I wonder if this post would have gotten a better reception if the stooge had been a Scientologist or a conspiracy theorist or something, instead of just a hapless normie.
I assume that the whole flat earth thing will lose its contrarian luster and fall out of style in the next few years. But suppose that's wrong. How soon until there are significant numbers of flat-earther kids enrolling in kindergarten? Will they be like existing fringe religious minorities? Will they mostly be homeschooled? My real best guess is that flat-earthers don't have kids so this won't happen.
Some smart, scrupulous, rational news junkie should write a periodical report on the state of anti-epistemology. I sort of worry that memeplexes, including anti-epistemic ones, have tipping points whereat they become popular (or dominant) very suddenly.
I followed a link to an article about how Facebook was used to facilitate a genocide in Myanmar. I got a few paragraphs into it and then thought, "Wait, the New York Times is telling me a scandalous but murky story about Big Tech and world events...and I’m just condensing that as 'known facts of public record.' Isn’t this Gell-Mann amnesia?"
So then I felt myself searching for reasons why the NYT could be trusted more about this kind of thing, but found it difficult to come up with a single specific reason that I actually believed. So then I supposed that it was worth reading anyway, since the basic facts were important, and I wasn’t at that much risk from whatever biased framing the NYT might take. But I realized that I didn't really believe that either--I imagined the future in which I turn out to have been utterly misled by the article, and that hypothetical future felt entirely plausible.
So I didn’t read it.
It was an effortful and unrewarding decision, but I endorse it, and I’m hopeful that it will be easier next time. For news stories of this sort, I expect to fall short of my own epistemic standards unless I check 3 or 4 diverse sources. But I didn’t want to do an hour of responsible research, I wanted to spend a leisurely 10 minutes on a single, highly consumable, authoritatively-voiced article and then enjoy the feeling of being informed.
Uh oh, do you really leave the news playing in your living room all the time? Don't you know it's corrosive to your epistemics and agency? Plane crashes are overrated and chronic stress is underrated!
This is pretty much my default attitude, but...SSC once wrote that smoking possibly mitigates schizophrenia, and that "[t]his should be a warning to anyone who’s too quick to tell patients that their coping strategies are maladaptive."
News does have those downsides, just like smoking does cause cancer. But it's good to remember that load-bearing bugs are the rule, not the exception.
What good thing happens if you read The Sequences?
- You see repeated examples of rigorous thought about slippery topics, very deliberately setting up the seductive cached answers and then swerving away from them.
- Exposure to a lot of carefully applied Transhumanism. Mostly in Fun Theory but also sprinkled throughout. The transhumanism is sincere and often emotionally charged, not just smug philosophical gotchas.
- The concepts & jargon are really useful. Yeah, jargon has its downsides, no doubt, but it is still overwhelmingly net positive.

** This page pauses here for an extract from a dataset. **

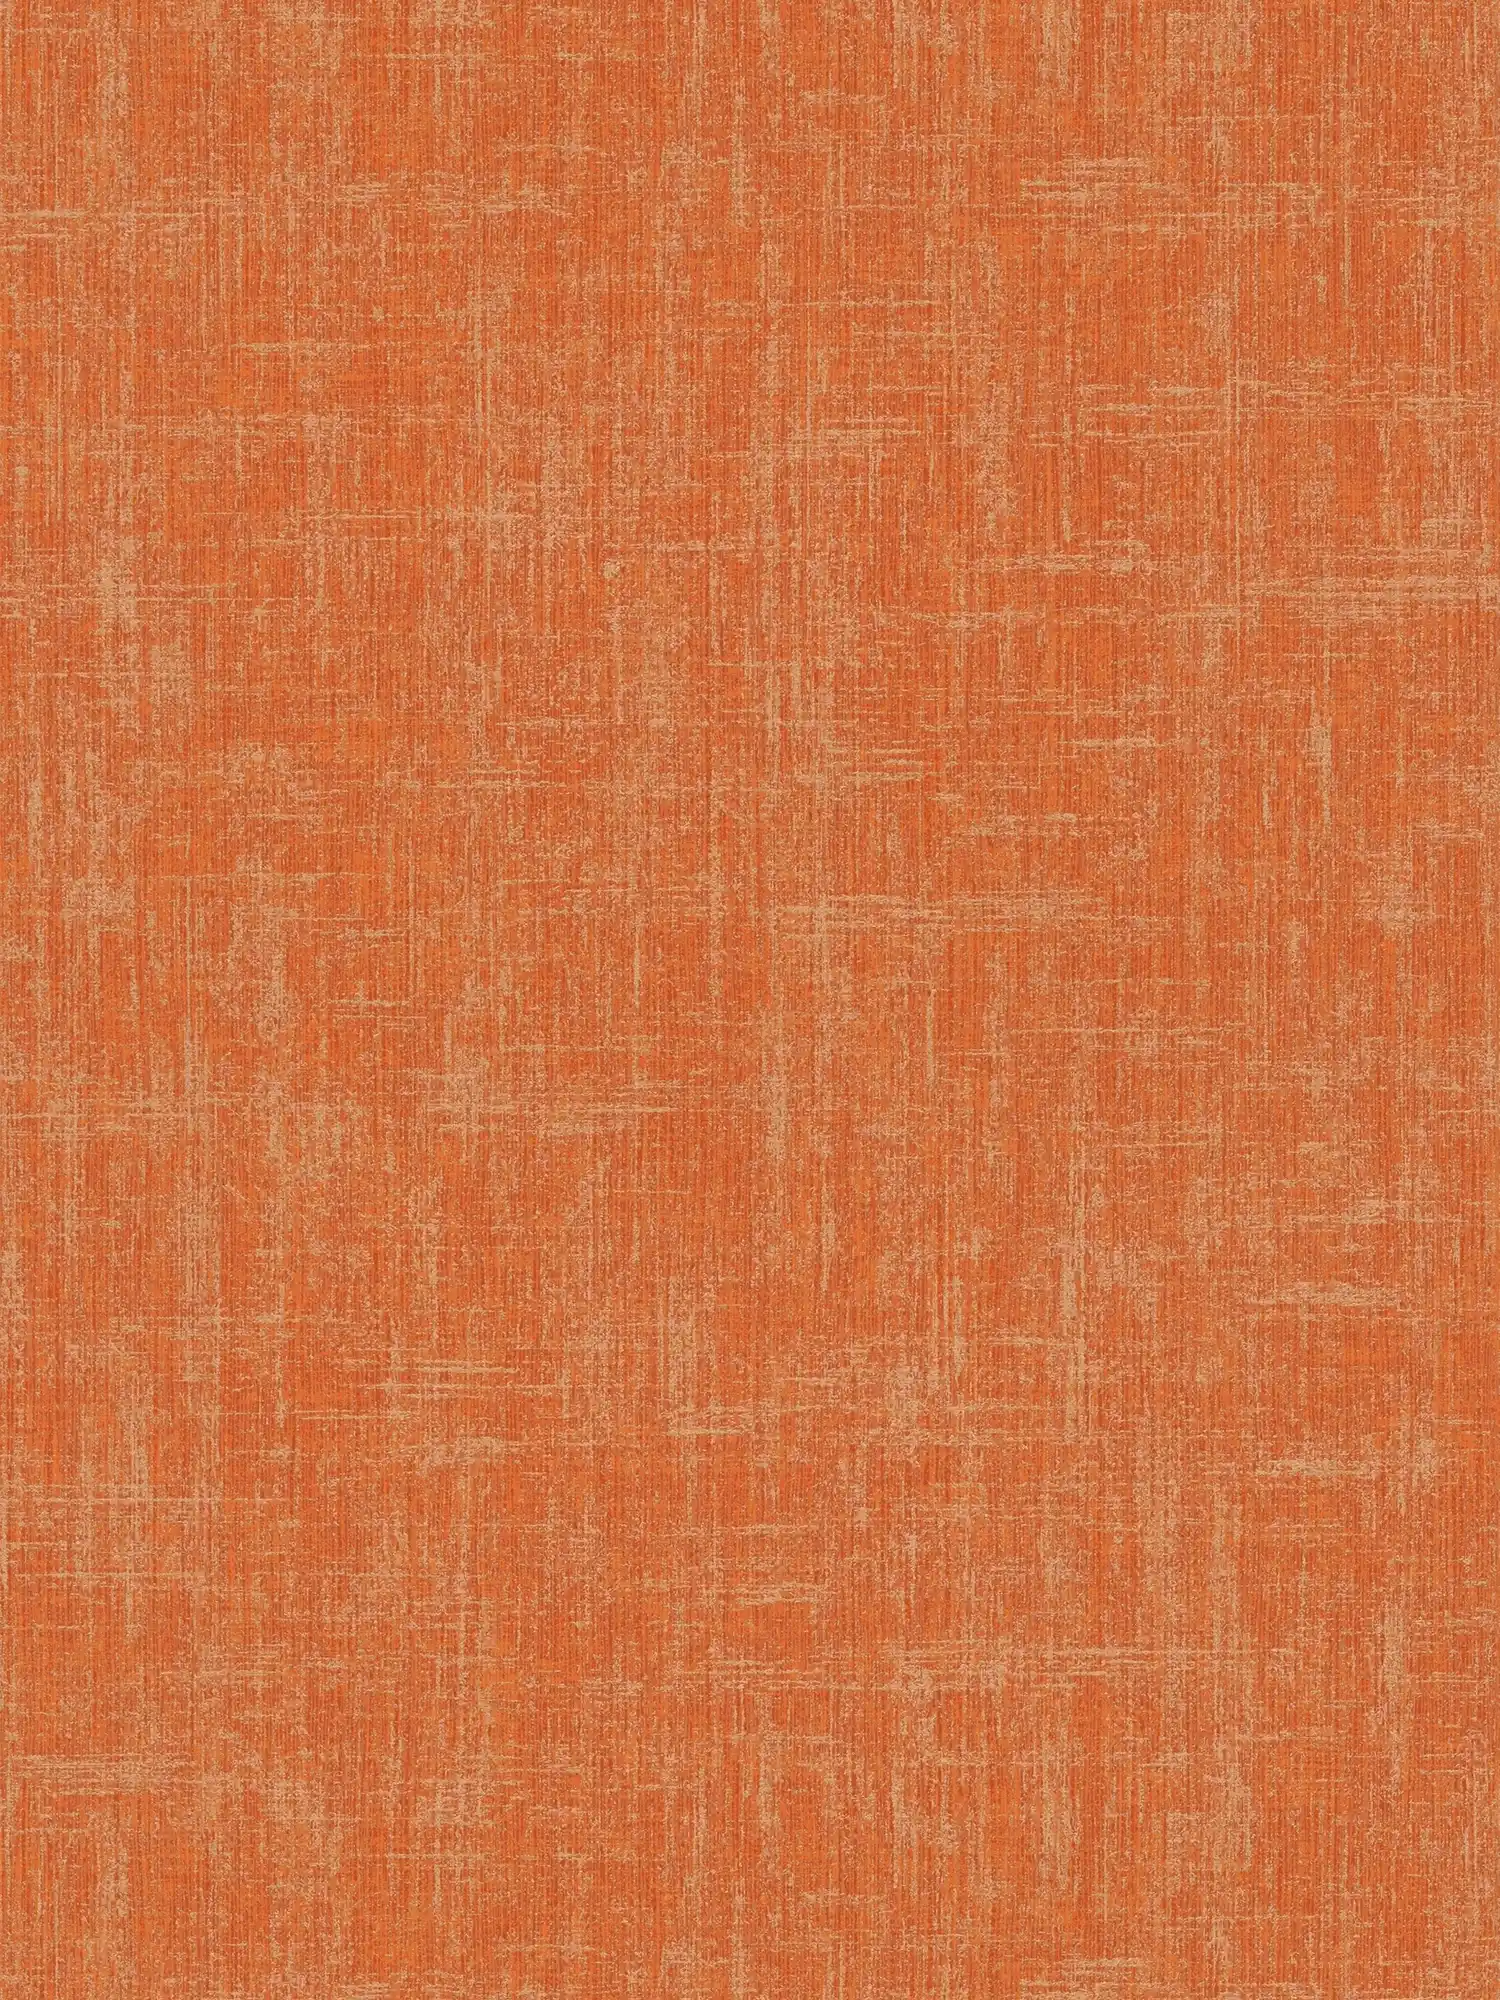 Orange wallpaper with linen texture design

- A thorough argument that you really can live a life that integrates philosophical curiosity, narrative satisfaction, frolicking artistry, vigilant truth-orientation, deep emotion, scientific rigor, and a childlike hope for The Good.
- Deep and unforced optimism. Cynicism about cynicism[1]. Generalized anti-nihilism.
- Friendly AI is permitted by the laws of physics. This is sufficient reason to try our best, even if it turns out to be too difficult for tiny mortals like us.
- We're a thousand shards of desire lashed together by evolved kludges. Human-compatible morals & æsthetics exist only in humans, and are not objectively special. So what are you gonna do about it?
- Unicorns aren't real, there is no god, and no pixies in the garden. But you know what is real? Giant squid. Electric eels. Radiotrophic fungus. Black holes. Volcanoes. Aircraft. Flamethrowers. SCUBA diving. Lightning, rainbows, aurorae. If you really think you could enjoy unicorns and levitation spells, there is no reason why you shouldn't also be able to take joy in the merely real.
[1] Cynical About Cynicism isn't in the Sequences, but the same general attitude still comes up.
When i’m walking around through my daily life, it helps me to think of myself as a character in a cyberpunk weirdtopia.
- Phone anxiety ruining my nature walk? Yeah that’s cyberpunk, even if it wasn't anticipated by Neuromancer.
- Strolling over to the donut shop for a nice pastry...amid a bungled global health crisis of disputed origin? Yup, that sure counts.
- Detouring down a beautifully verdant neighborhood, past a consecution of strident culture war yard signs, presumably influenced in some part by foreign psyops like the IRA? Definitely cyberpunk.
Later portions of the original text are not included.